Episodic Nature: Each episode ends after one shot, and the distance to the target is randomized at the beginning of each episode, providing diverse scenarios for the agent to learn from.

How it works

Initialization: At the start of each episode, the environment randomly selects a target distance and sets a random angle for the cannon.

Action: The agent specifies the initial speed of the cannonball. Simulation: The environment calculates the trajectory of the cannonball based on the given speed and the current angle, then updates the distance to the target.

Reward: A reward is given based on how close the cannonball lands to the target, with a higher reward for more accurate shots.

Episode Termination: Each episode ends after one shot, allowing the agent to immediately learn from the outcome and prepare for the next attempt.

Installation

Для того, чтобы установить среду необходимо выполнить следующую команду:

pip install -e .

Basic Usage

import gym
import gym_CannonBall
import math

env = gym.make('gym_CannonBall/CannonEnv-v0')

env.reset()
action = env.action_space.sample()
obs, reward, done, _,info = env.step(action)
print(f"Observation: {obs}, Reward: {reward}")
env.close()

About Cannon env

Среда представляет собой упрощенную модель выстрела ядра из пушки по заданному углу и расстоянию до цели. В качестве усложения к модели среды добавлен белый шум.
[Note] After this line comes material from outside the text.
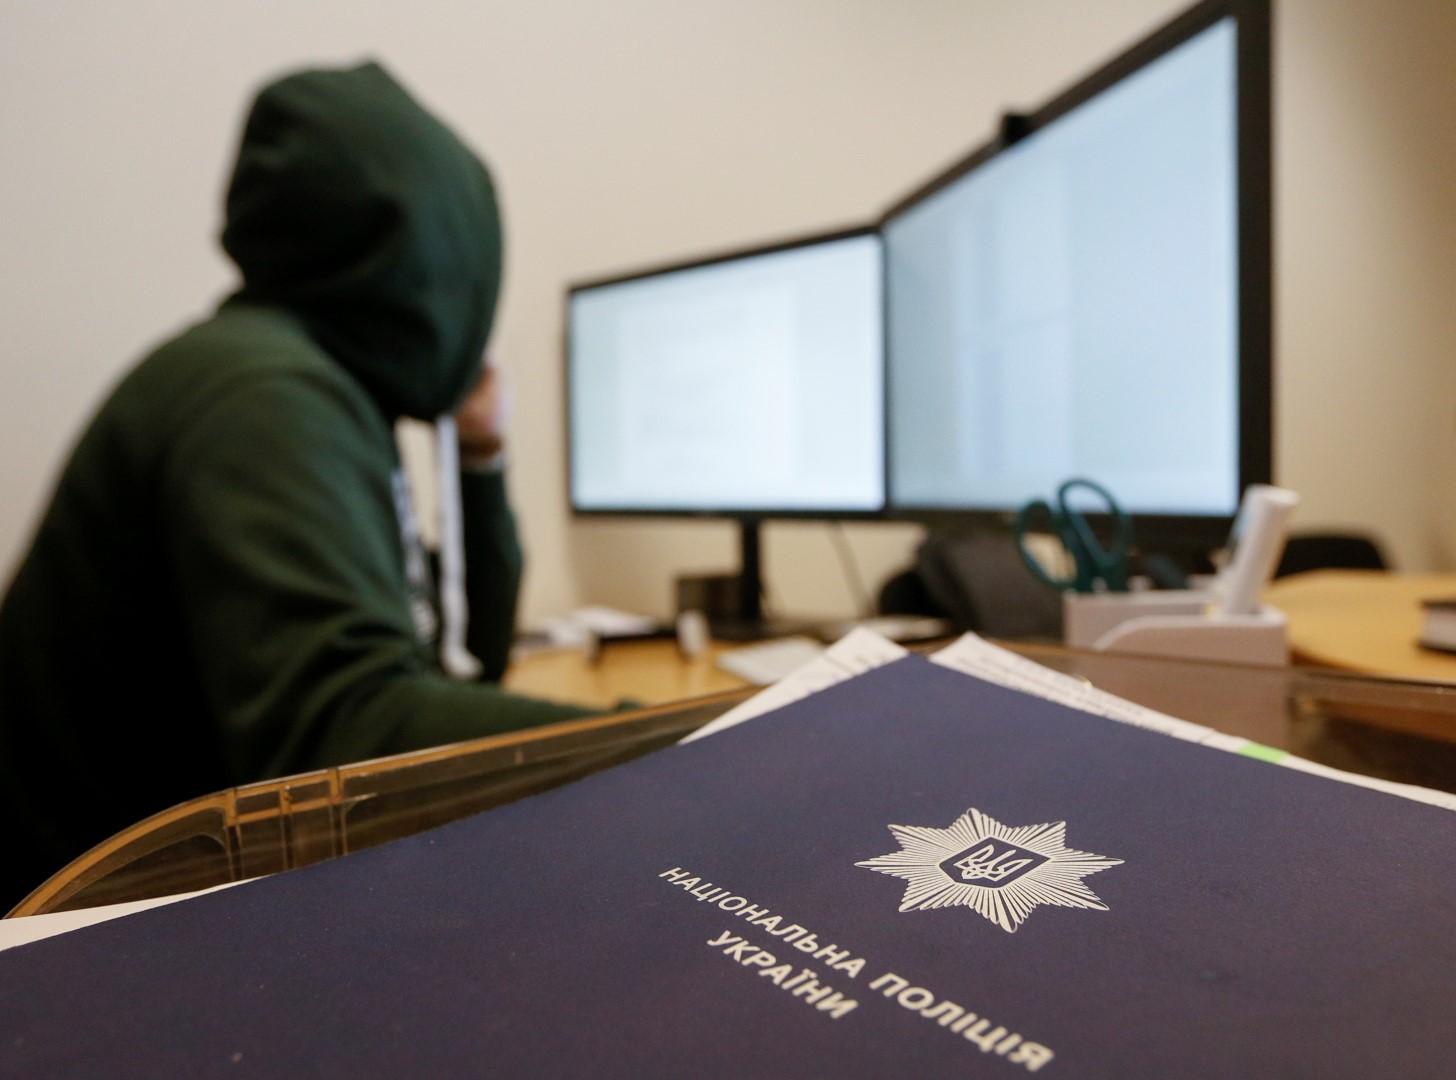 An employee works at the Ukrainian Cyber Police headquarters in Kiev, Ukraine November 2, 2017.  REUTERS/Valentyn Ogirenko - RC1449D41F70

Environment Id Observation Space Action Space Reward Range
CannonEnv-v0 Box(2,) Box(1,) (-100, 100)

State

Наблюдением является заданный угол и расстояние до цели, которые в свою очередь явлюятся числами типа float32.

state, _ = env.reset()
#state = [angle, distance_to_target]

Action

Действием является начальная скорость ядра (число float32).

Reward

Награда задается как:

reward = max(-100, 100 - abs(diff between target and current ball landing coordinate))

Results with DDPG

DDPG perfomance

DDPG perfomance

About

CannonEnv is a custom reinforcement learning environment built on the OpenAI Gym framework. It simulates the classic physics problem of determining the correct angle and velocity to fire a cannonball to hit a distant target. Actually, is is a toy exaple for understanding RL alogithms with continuous space and continuous action.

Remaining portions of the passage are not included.